Aber das können andere vielleicht besser beurteilen (beatbuzzer?). Es ist zumindest die Rede von speziellen 18650er-Zellen für EVs.

Interessant finde ich z.B., dass dort nach 3.000 Zyklen noch 90% Kapazität genannt wird.
(Was sind 2 bzw. 1 It? 2 bzw. 1C Entladungsrate?)

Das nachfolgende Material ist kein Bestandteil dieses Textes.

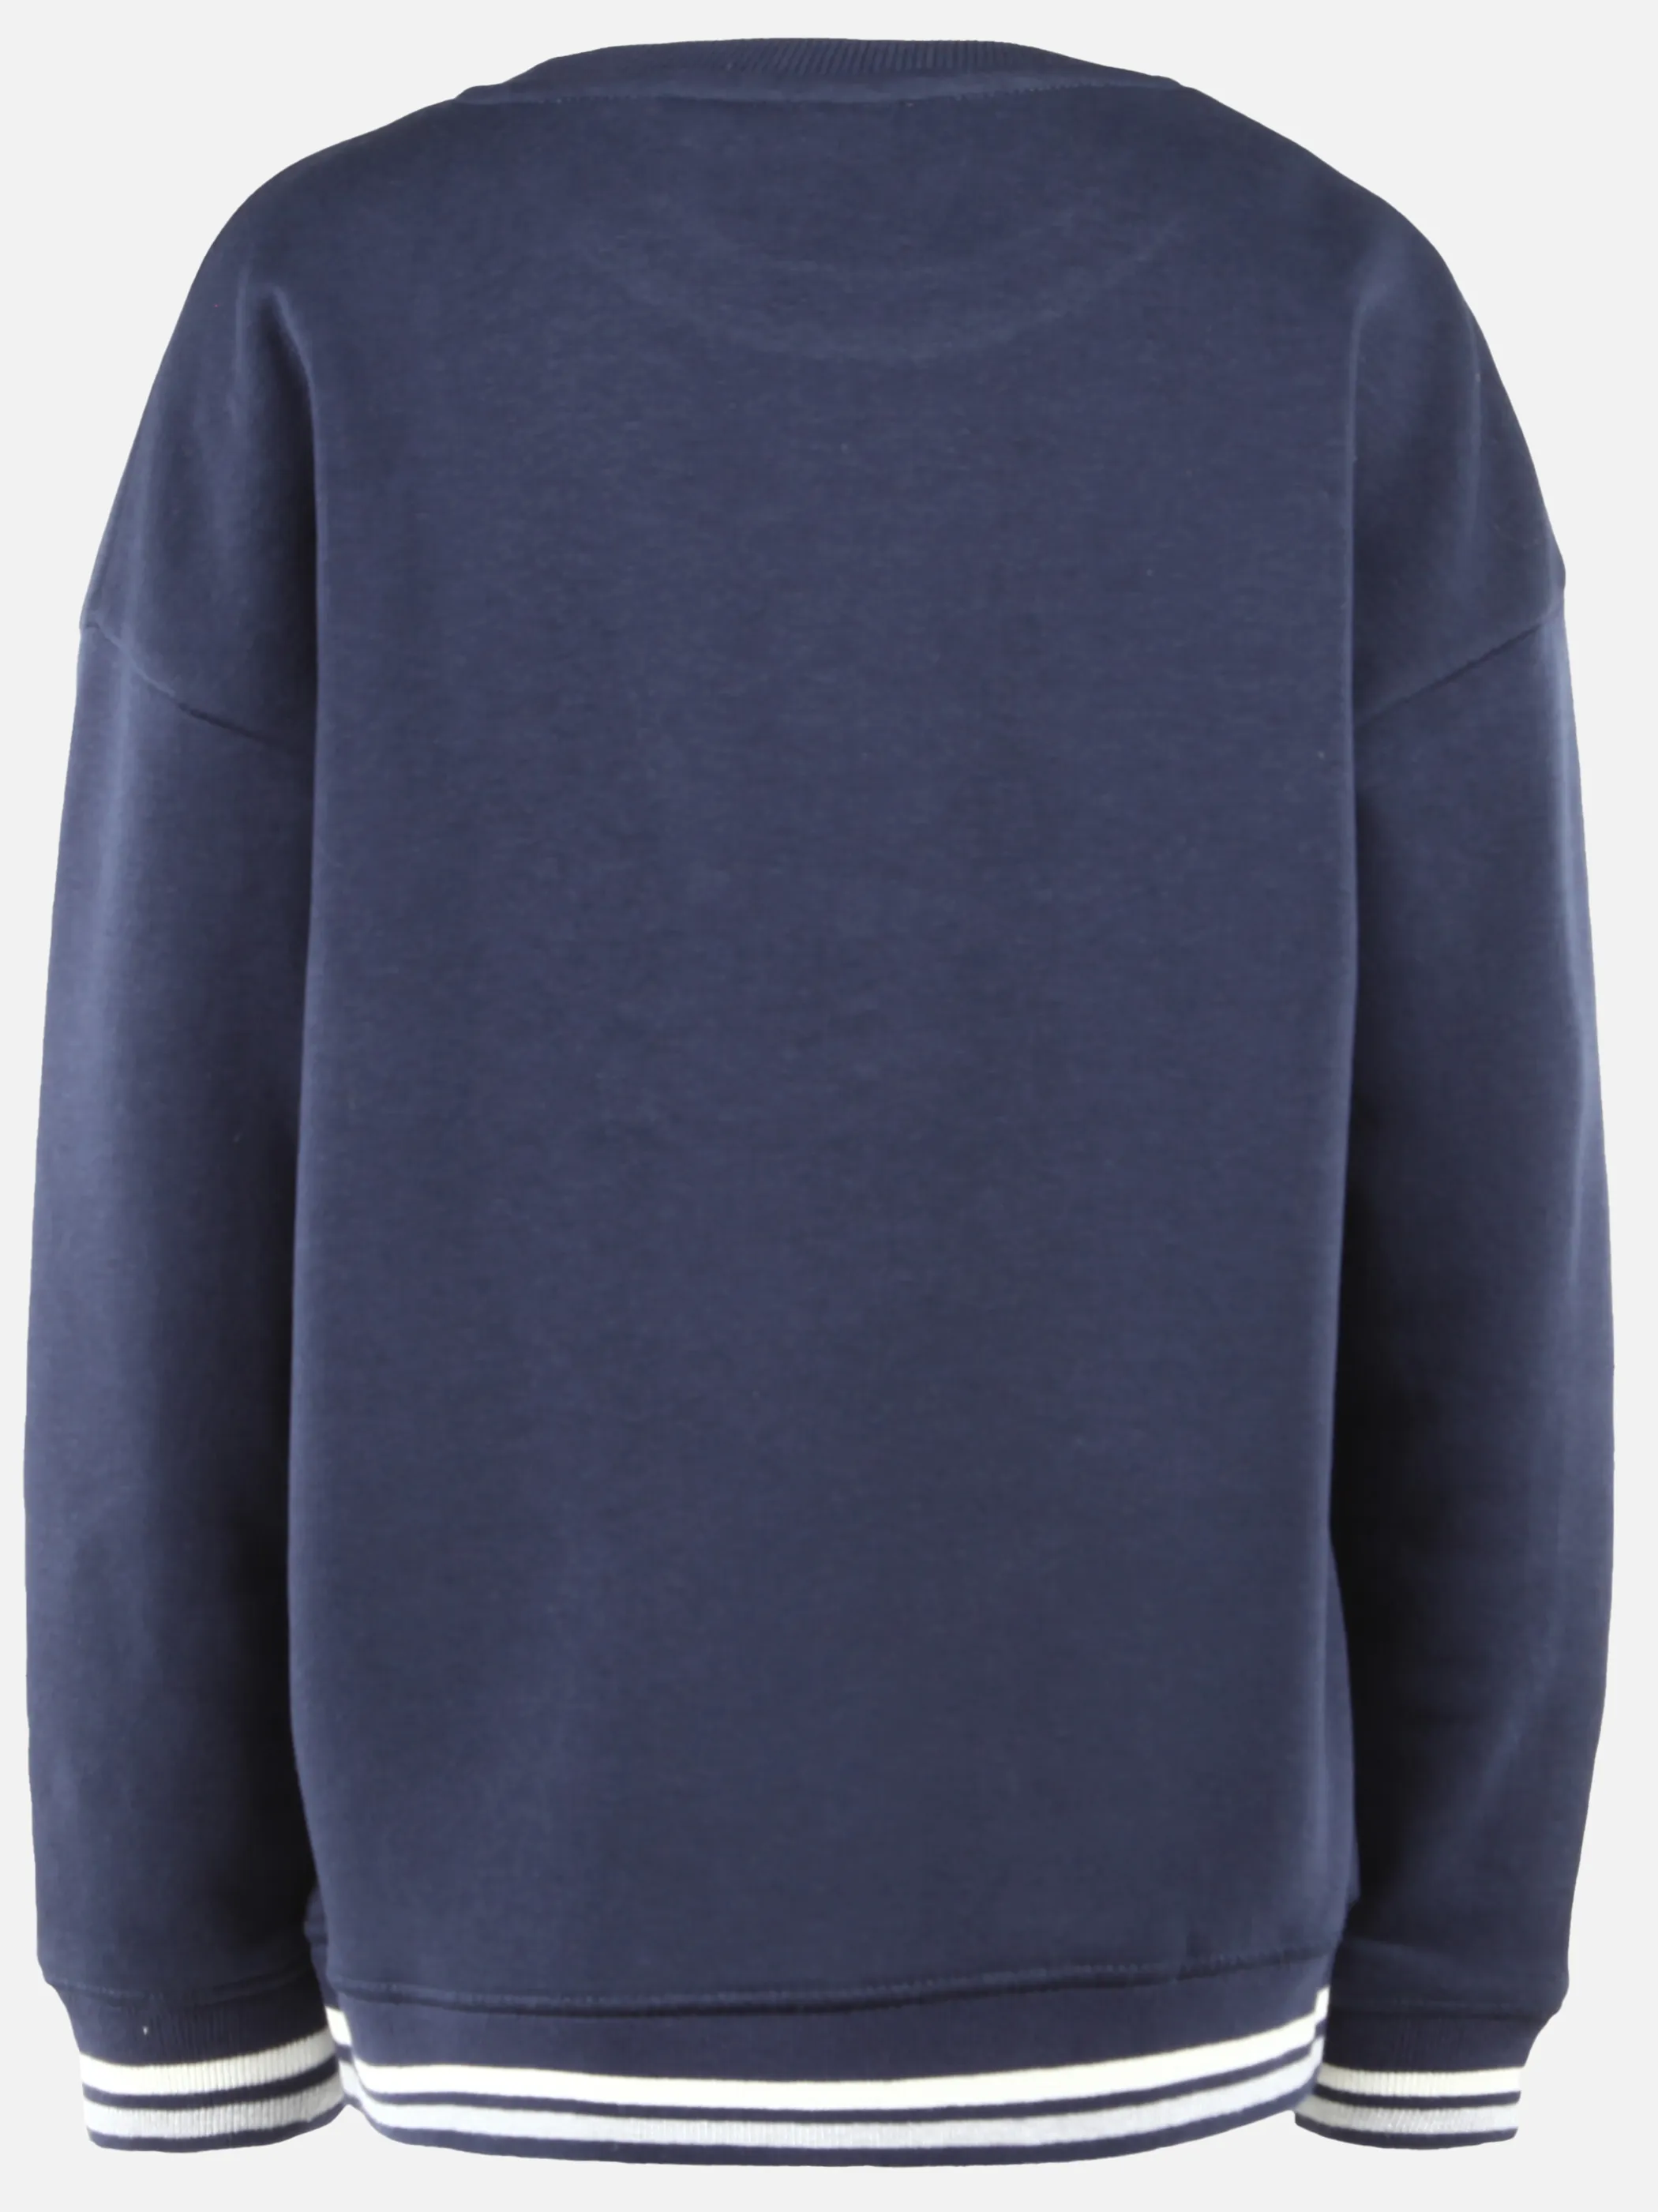 Stop + Go KJ Sweatshirt mit Print in blau Blau 899784 BLAU 2

Nicht so schön sieht die kalendarische Alterung, im Fall 90% SOC bei 25°C, aus, die bei 90% nach 300 Tagen liegt.
Oder verstehe ich den Text falsch und es geht bei den 300 Tagen nur darum, wie viel der ursprünglichen Ladung nach 300 Tagen Lagerung noch enthalten sind?
1282.full.pdf (109 KB)

Das wird I (also Strom) über t (also Zeit) sein.

1C = Entladestrom für eine komplette Ladung/Entladung in 1 Stunde
2C = Entladestrom für eine komplette Ladung/Entladung in 1/2 Stunde
usw.

Beispielsweise lädt ein Supercharger mit 120 kW bei einer leeren Batterie demnach mit 120 kW / 85 kWh = 1.41 C.

snooper, was C-Raten sind weiß ich doch :wink:
Die Frage war, ob sie der Angabe „It“ aus der Grafik entsprechen.

Ah sorry, schlecht gelesen :slight_smile: Keine Ahnung…

das klingt nach der typischen Selbstentladung bei diesen Zellen, nicht Alterung.